AAMC Comments on CMS Episode Groups Comment Letter

March 4, 2016—The AAMC March 1 submitted a comment letter  to the Centers for Medicare and Medicaid Services (CMS) in response to a request for feedback regarding implementation of episode groups as required under the Medicare Access CHIP Reauthorization Act of 2015 (MACRA, P.L. 114-10).

Beginning in 2019, physicians will either have the option to have their performance assessed under a newly consolidated pay-for-performance program, Merit-based Incentive Payment System (MIPS), or receive incentives for participation in Alternative Payment Models (APMs). The MIPS will assess performance of eligible professionals in four categories: quality, resource use, meaningful use of certified electronic health record (EHR) technology, and clinical practice improvement activities. MACRA requires CMS to establish care episode and patient condition groups to measure resource use under MIPS and APMs.

The AAMC’s comments include several factors for CMS to consider when identifying specific patient characteristics to classify into care episode and patient condition groups. The association recommends CMS consider the transition from ICD-9 to ICD-10 and notes that CMS needs to provide sufficient time to allow meaningful input from experts on the appropriate ICD 10-CM codes to use in the episode groups.

The letter states that CMS should use appropriate risk adjustment to account for patient characteristics, as variation in patient severity, rates of patient compliance with treatment, socio-demographic status, patient engagement, and patient preferences for treatment approaches must be accounted for when developing episode groups.
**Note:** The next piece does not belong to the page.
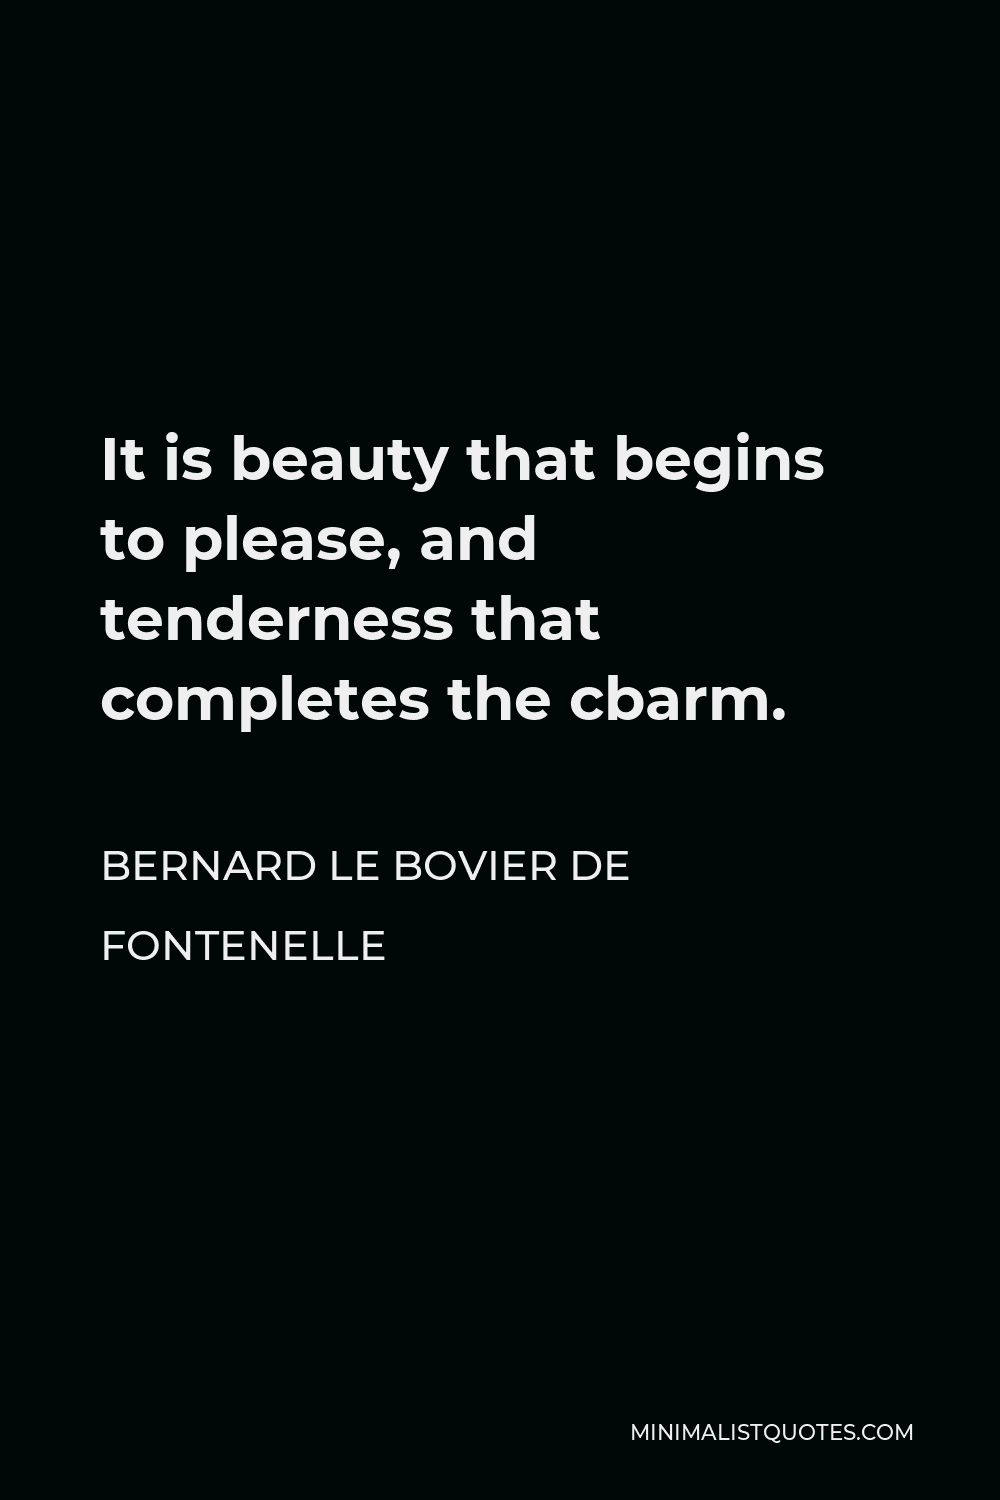 Bernard le Bovier de Fontenelle Quote - It is beauty that begins to please, and tenderness that completes the cbarm.
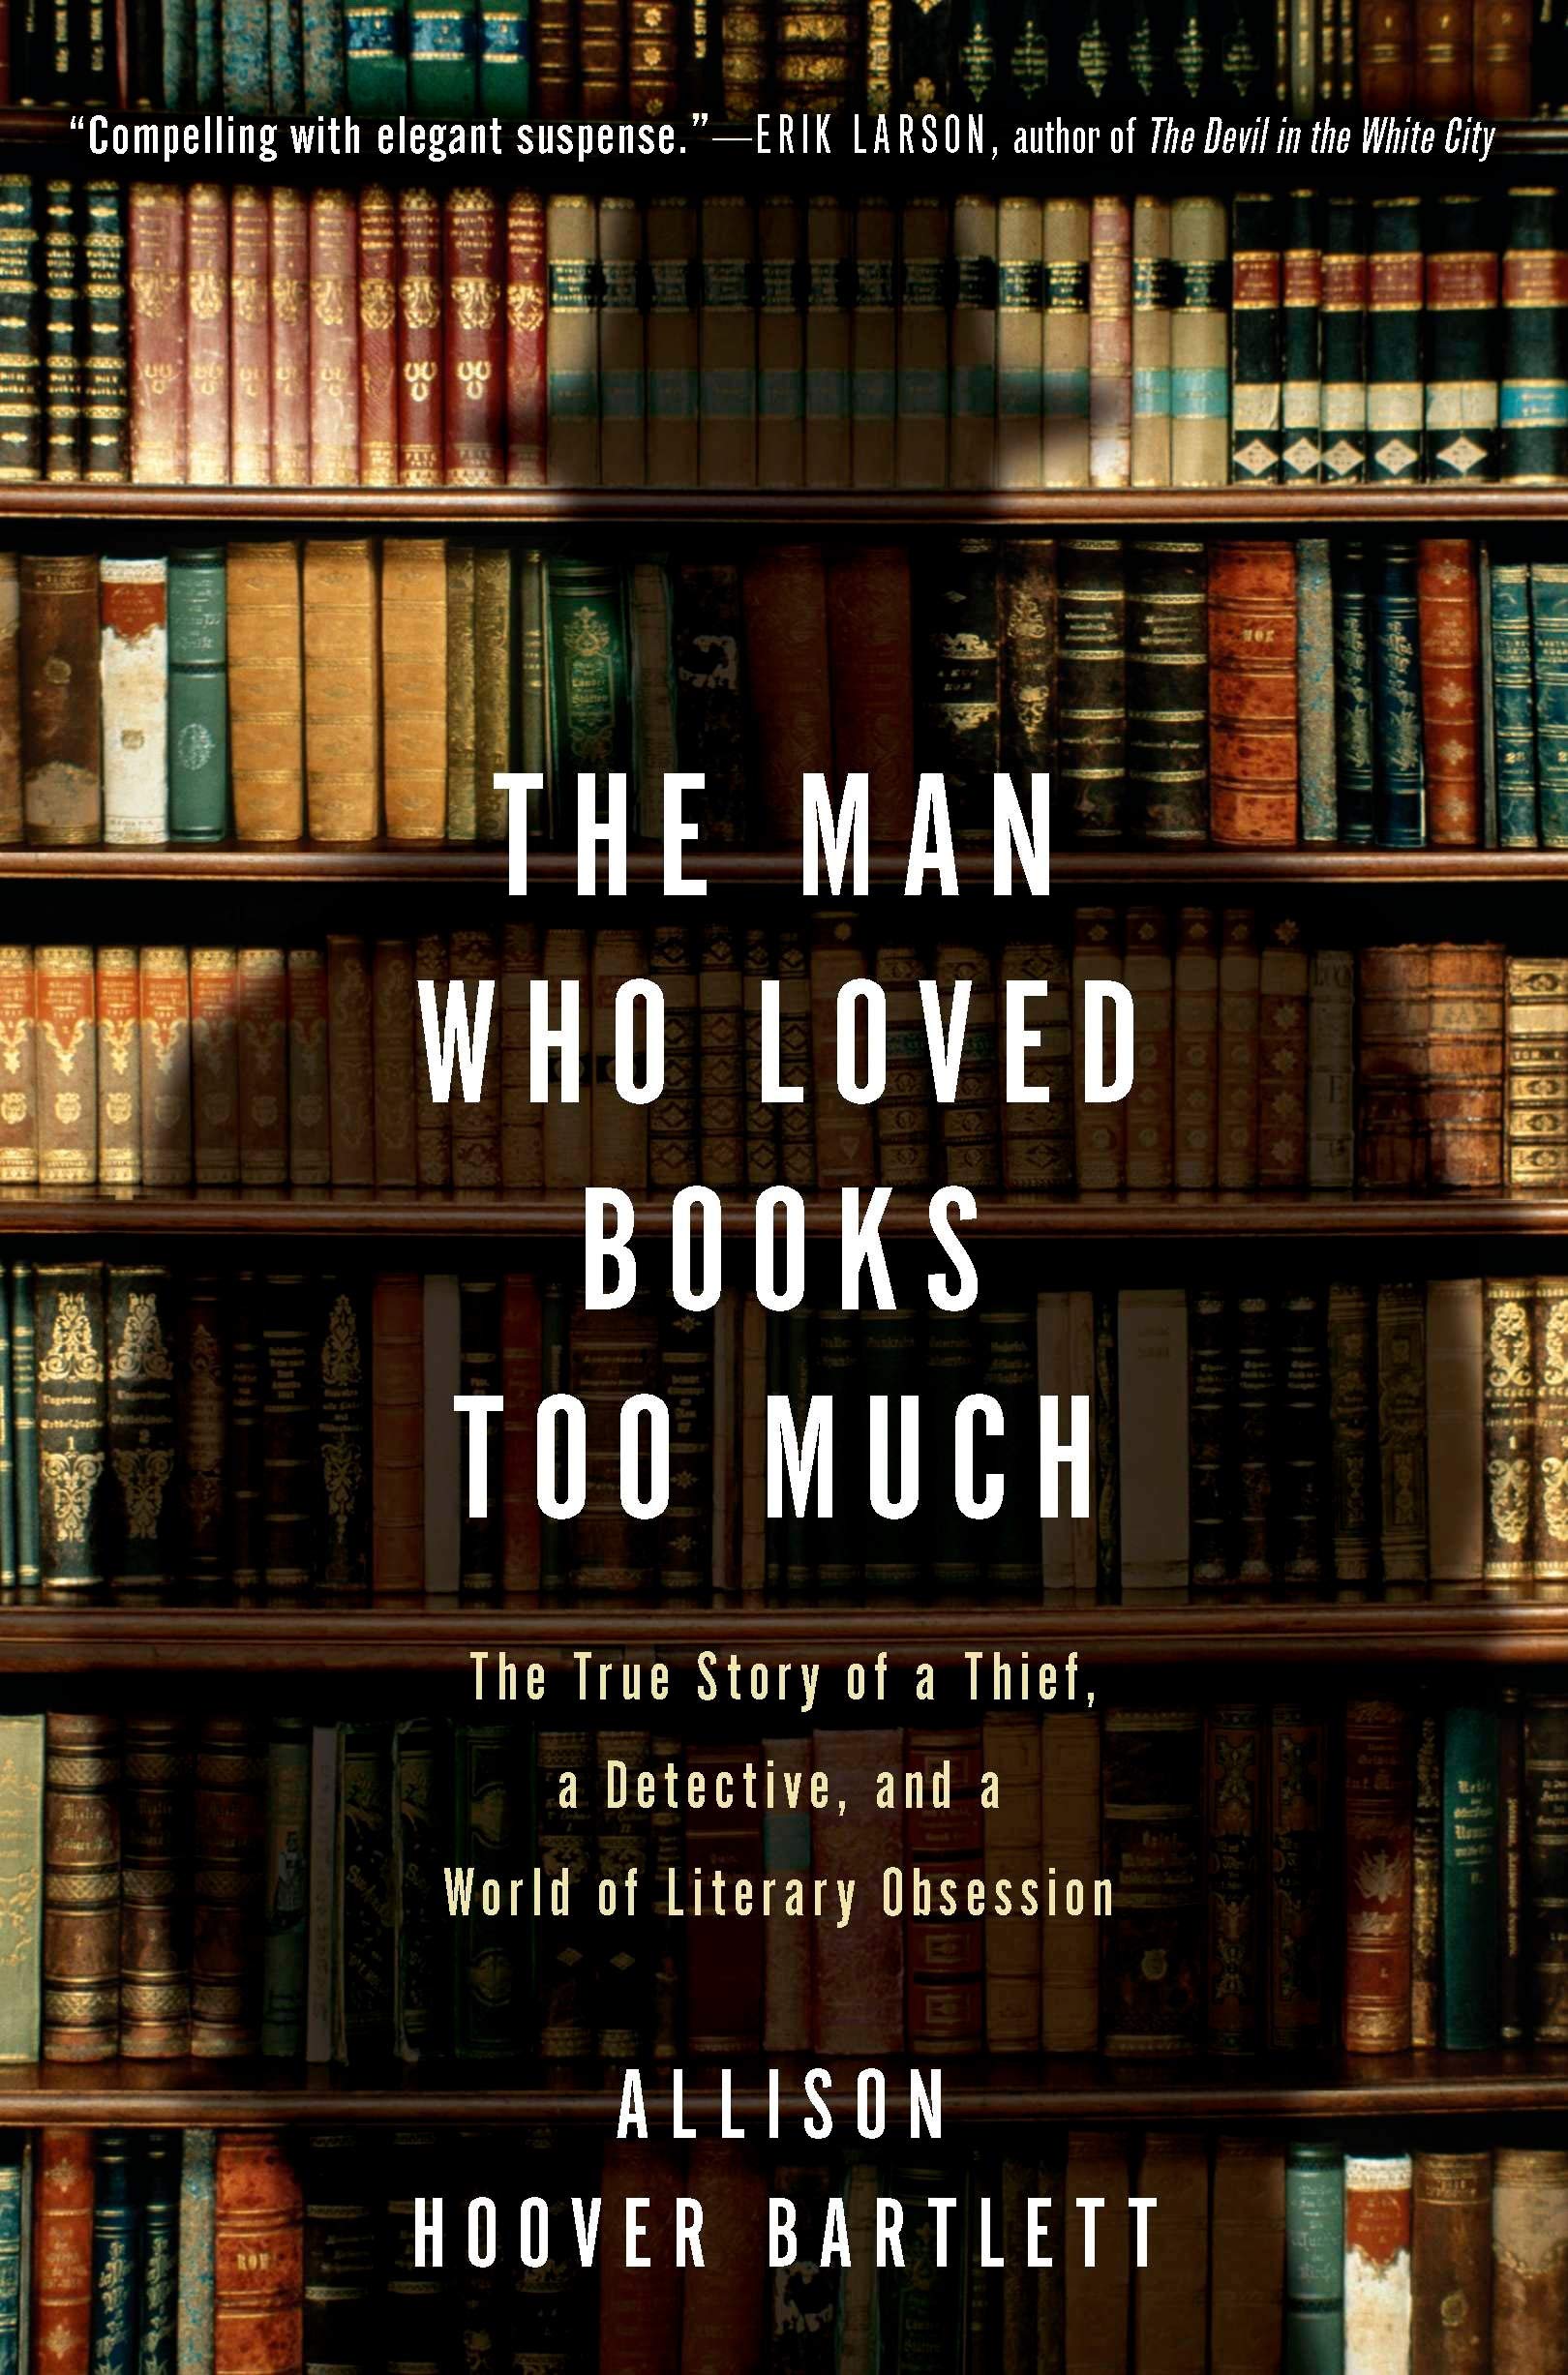 Cover Image, "The Man Who Loved Books Too Much"

Additionally, the letter urges CMS to align resource use measures with clinical quality measures. According to the AAMC, quality measures under MIPS should be aligned with measures used by other Medicare programs (e.g., Accountable Care Organization programs) and commercial insurers. This will ensure that health care providers are not overwhelmed with administrative burden and contradictory requirements.

Finally, the AAMC suggests CMS should ensure that inpatient add-ons, such as Indirect Medical Education (IME) and Disproportionate payments are removed from episode groups.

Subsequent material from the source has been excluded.